Just hours before IPO a new platform will be displayed. You may imagine how this may affect uber's IPO. A system put together by a group of retired banking professionals in alliance with a Technical Advisory Committee, a group that comprises many of the world's leading experts on digital identity and its underlying technologies.

I think you'll appreciate the following which is short script of the announcement. 
"In a world with increased conflicts and displacement, we should be working collectively to use digital technologies to empower people with the right to access services and live in dignity. We believe our role is that of a digital ecosystem structure that enables the millions of people creating the capability for others to move around to have an equitable relationship with those benefiting."
This platform will not only disrupt the current models but revolutionize rideshare interaction between providers and users. Complete details will be distributed throughout multiple media channels.
I'll do my best to keep everyone informed.


----------



## The Gift of Fish (Mar 17, 2017)

ratethis said:


> What would it hurt to try? I can afford to stay off uber for 12 hours , or maybe even just do lyft,on a Wednesday. If you can't perhaps there are more important questions you should be asking yourself.

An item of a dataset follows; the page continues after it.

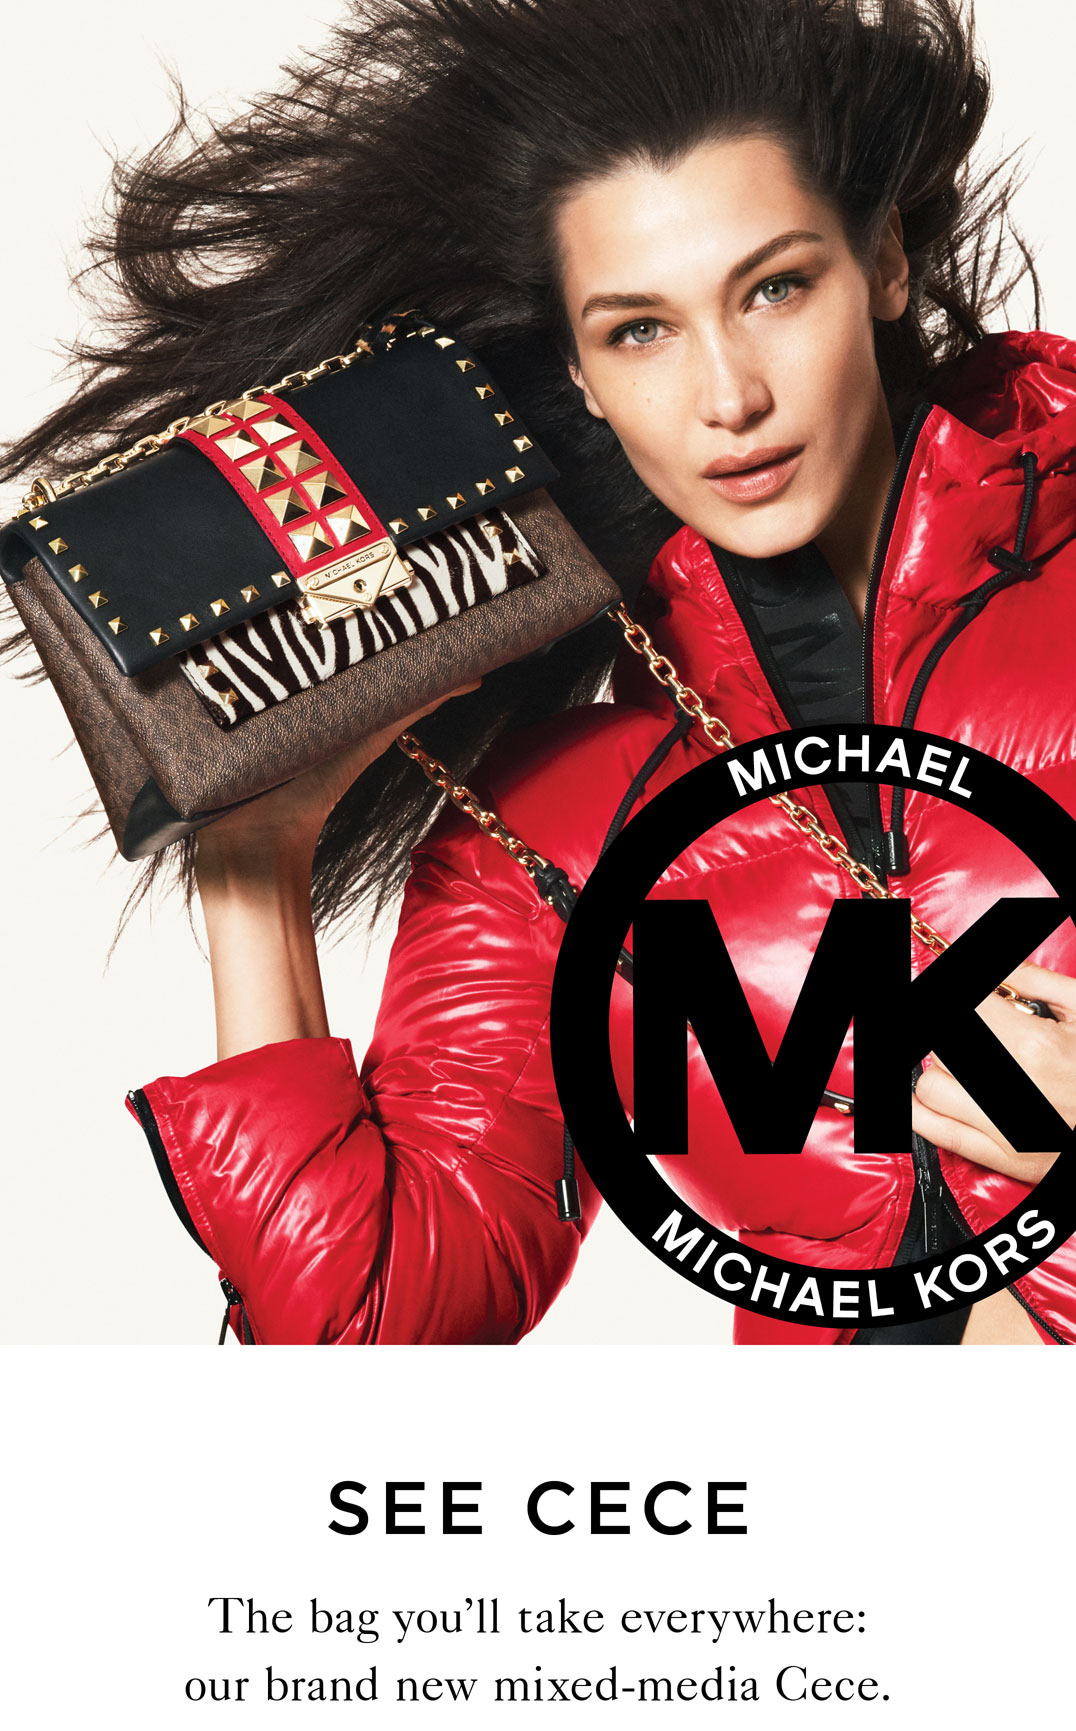 Michael Kors Cece Me Milled
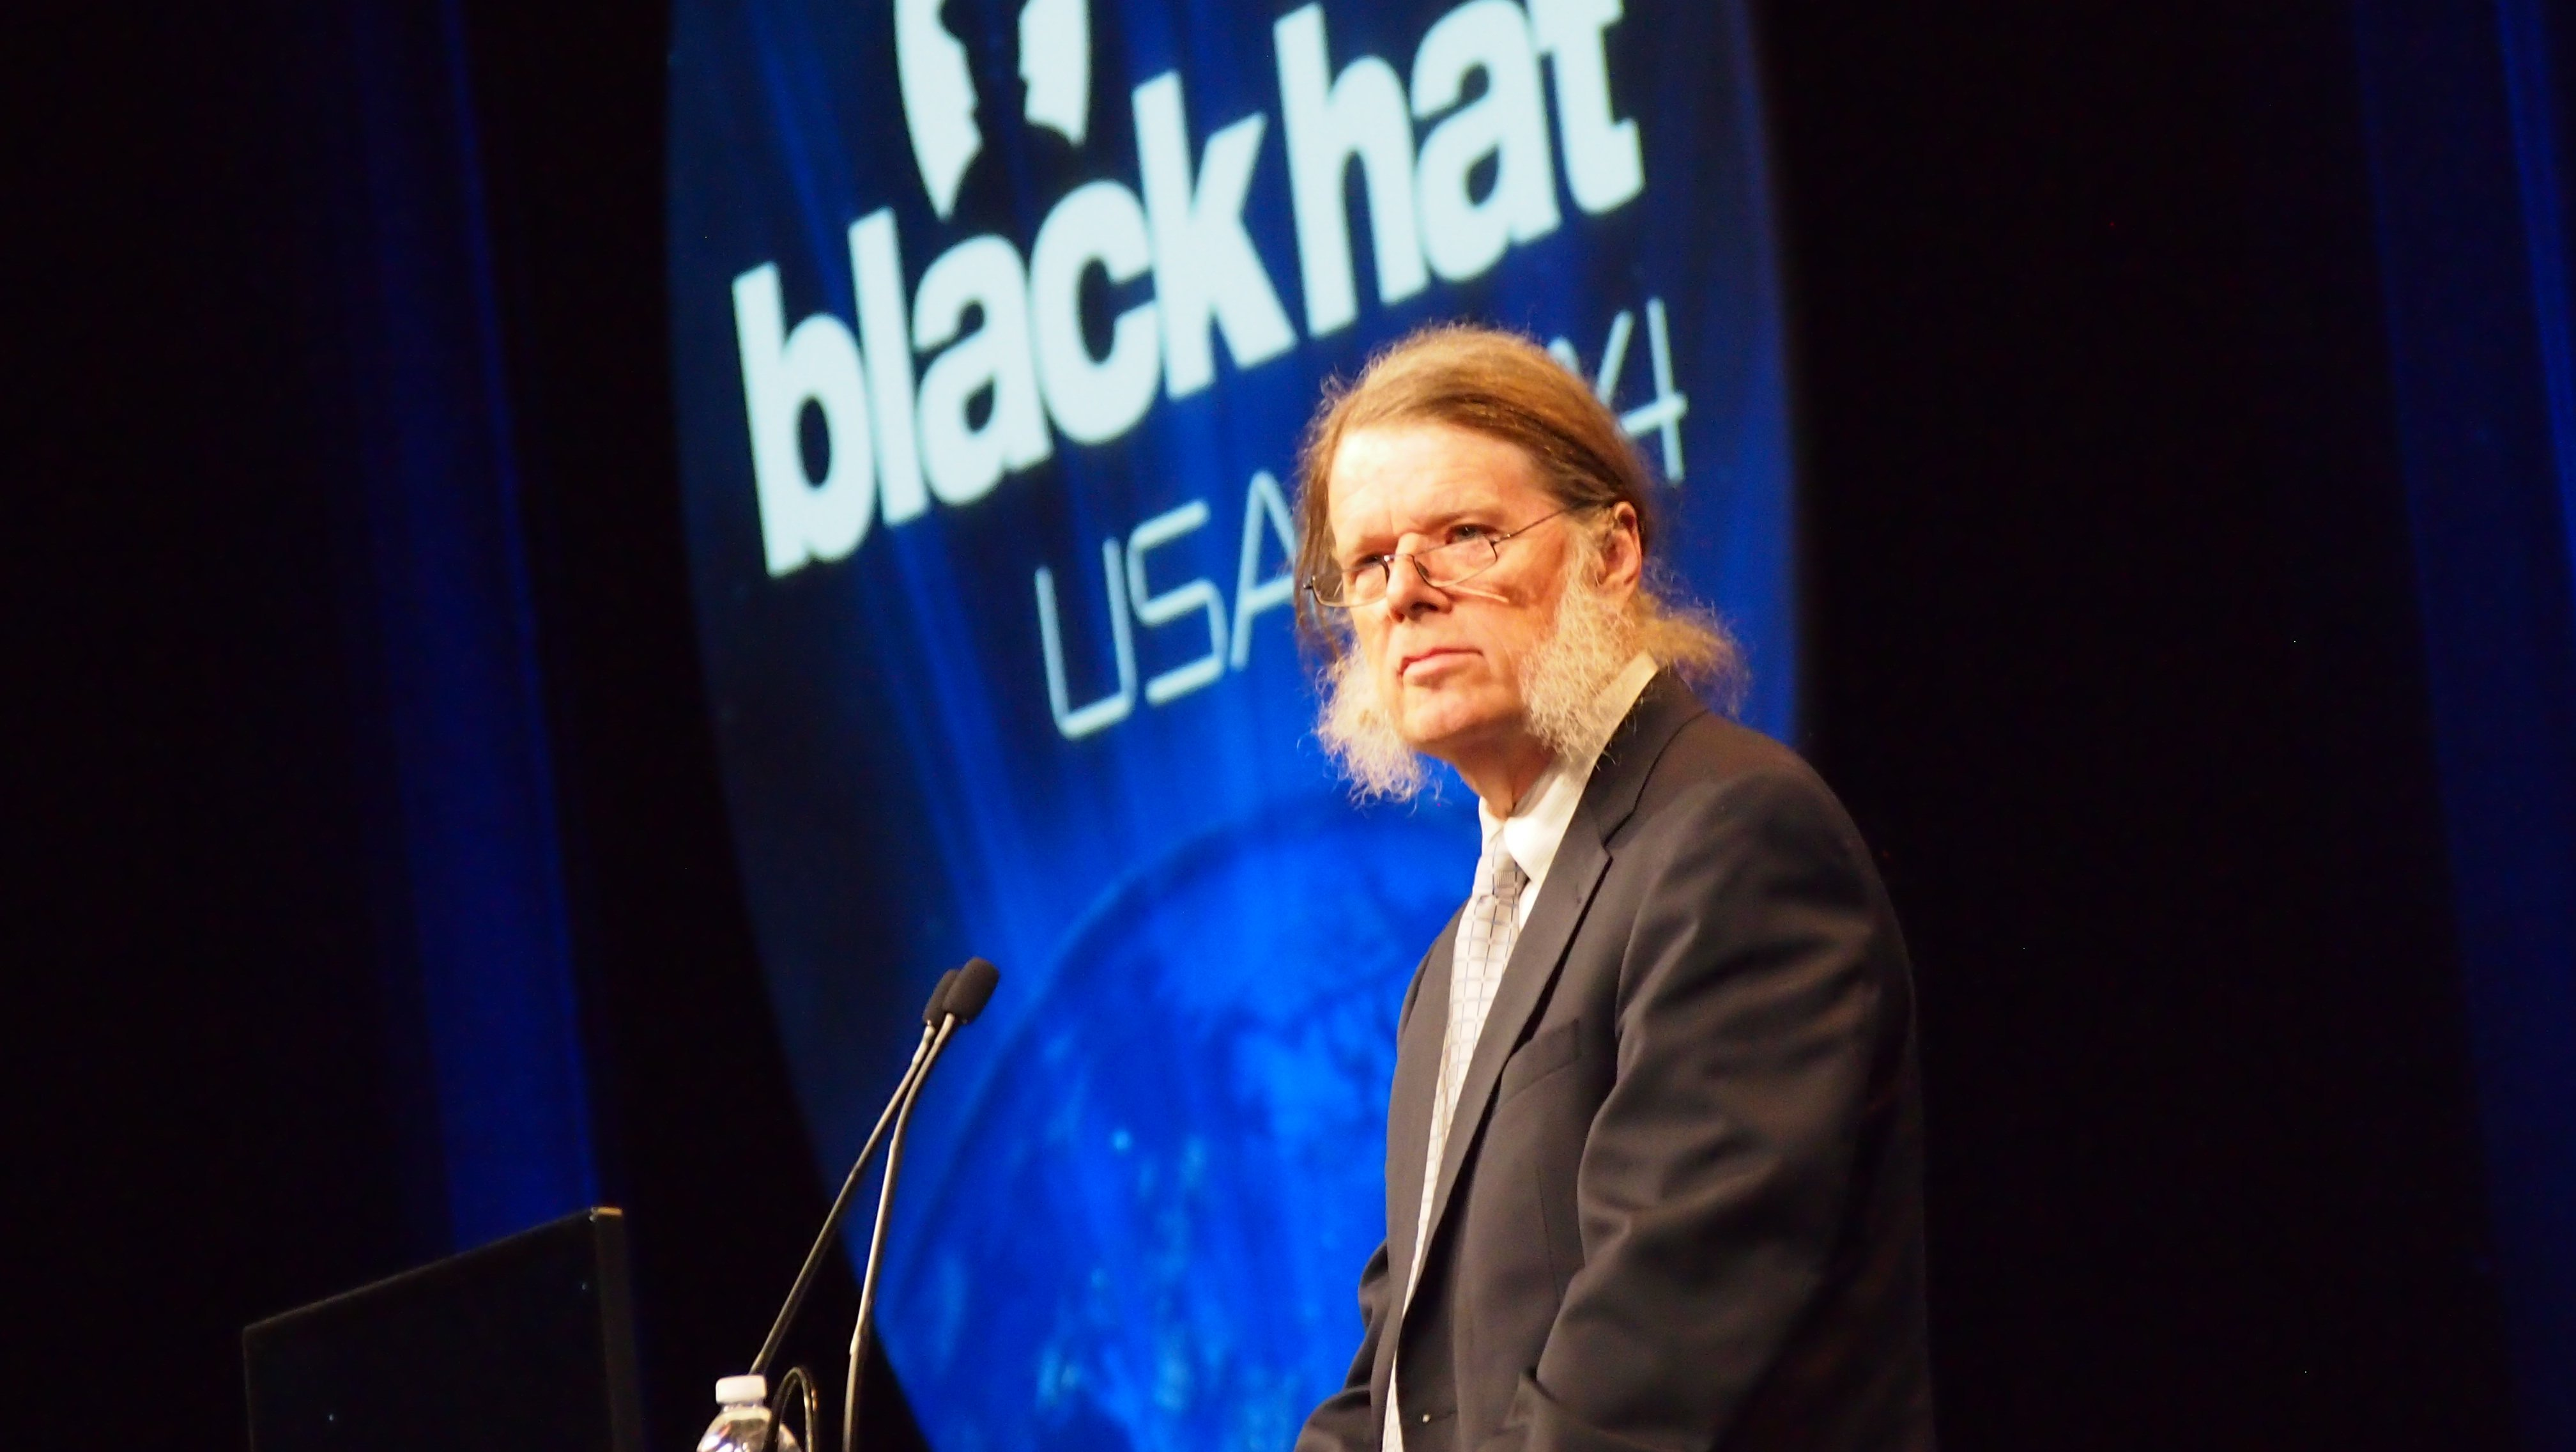 Security luminary Dan Geer keynotes Black Hat 2014.

I can afford to stay off Uber for 12 hours _and_ there are more important questions I ponder. Such as, "why is belly button fluff always blue?".

I mean, Uber poverty pay is slightly important, but I don't think working for Uber is worth bothering fighting for. Uber now sucks and it's time to move on. It was good for a while and now it's not. Case closed, really, for me.


----------



## goneubering (Aug 17, 2017)

No Prisoners said:


> Gauging is the word they're using.
> 
> 
> May 8th Wednesday. But emails and tweets going viral already.
> ...


LOL

The big word you're struggling so hard to find is GOUGING!!!!


----------



## MiamiKid (May 24, 2016)

ratethis said:


> What would it hurt to try? I can afford to stay off uber for 12 hours , or maybe even just do lyft,on a Wednesday. If you can't perhaps there are more important questions you should be asking yourself.


Would rather drive hard, 12 hours, just to disrespect the striking drivers!!! ???


----------



## nouberipo (Jul 24, 2018)

MiamiKid said:


> Wrong. They'll just hire smarter drivers. The strike, like always, will fail.
> 
> Wished I was in one of the cities so I could drive all day with great surges!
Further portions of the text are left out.